Иногда он заставлял Хелен декламировать: «И школьный дом еще стоит, как нищий у дороги; плющом, как прежде, он увит…»
Потом она сообщала, как травы уже сорок лет вырастают над головой девушки и как седовласый старик узнал в суровой школе жизни, что мало было таких, кто не хотел возвышаться над ним, потому что, видите ли, был он ими любим, и Гант с тяжелым вздохом говорил, покачивая головой:
— Э-эх! Лучше не скажешь!
Семья пребывала в самом расцвете и полноте совместной жизни. Гант изливал на нее свою брань, свою нежность и изобилие съестных припасов.
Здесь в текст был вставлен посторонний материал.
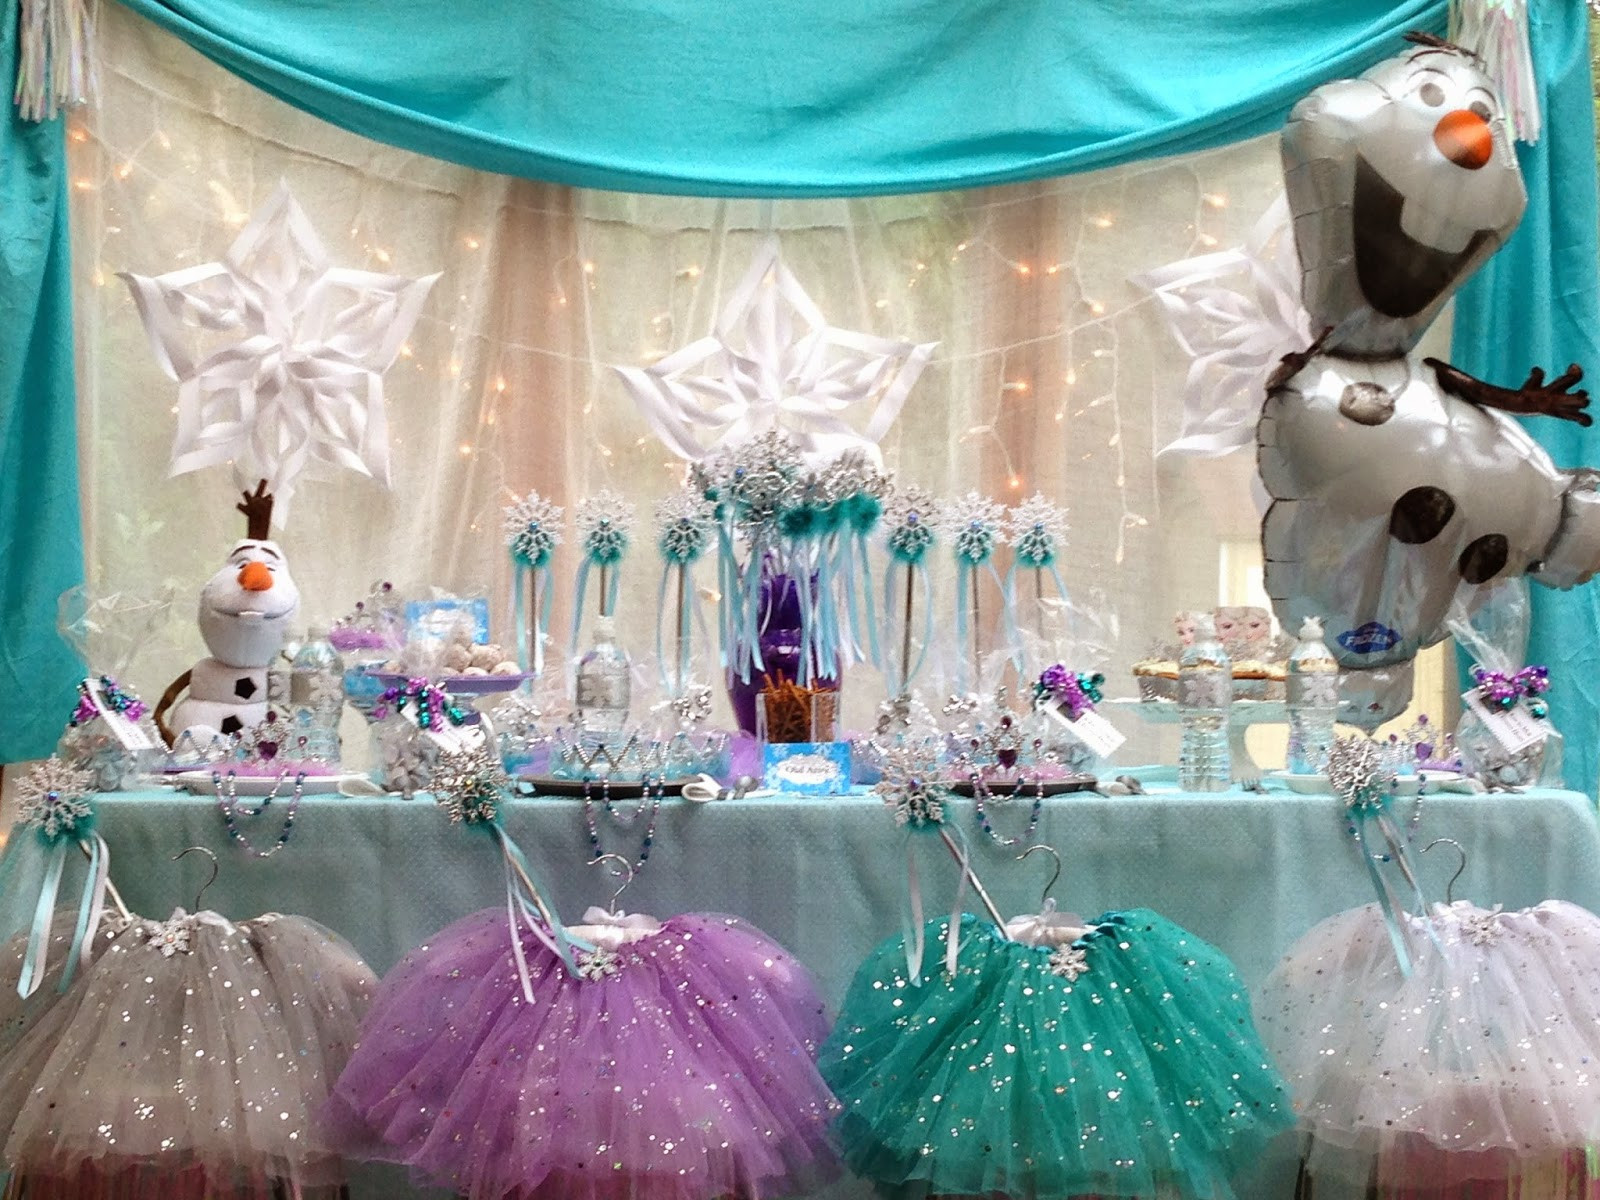 Frozen Birthday Decoration Ideas
 The Princess Birthday Blog FROZEN DIY Snowflake Decorations

Они научились с нетерпением ждать его появления, потому что он приносил с собой буйную любовь к жизни и обрядам. По вечерам они смотрели, как он размашистым бодрым шагом выходит из-за угла внизу, и внимательно следили за неизменным ритуалом его действий с той минуты, когда он бросал провизию на кухонный стол, вновь разжигал огонь, с которым всегда начинал воевать, едва войдя, и щедро скармливал ему поленья, уголь и керосин. Покончив с этим, он снимал сюртук и энергично умывался в тазу, его огромные ладони терли жесткую вечернюю щетину на бритых щеках со специфическим мужским и очищающим шорохом наждачной бумаги. После этого он прижимался спиной к косяку и чесал ее, энергично двигаясь из стороны в сторону. Покончив с этим, он свирепо выплескивал в завывающее пламя еще полбидона керосина и что-то бормотал себе под нос.
Затем он откусывал порядочный кусок крепкого яблочного табака, который всегда лежал на каминной полке, и начинал бешено метаться по комнате, готовя очередную филиппику и не замечая своего ухмыляющегося потомства, которое следило за всем этим церемониалом с радостным возбуждением. В конце концов он врывался на кухню и с сумасшедшим воплем обрушивал на Элизу свои обличения, сразу беря быка за рога.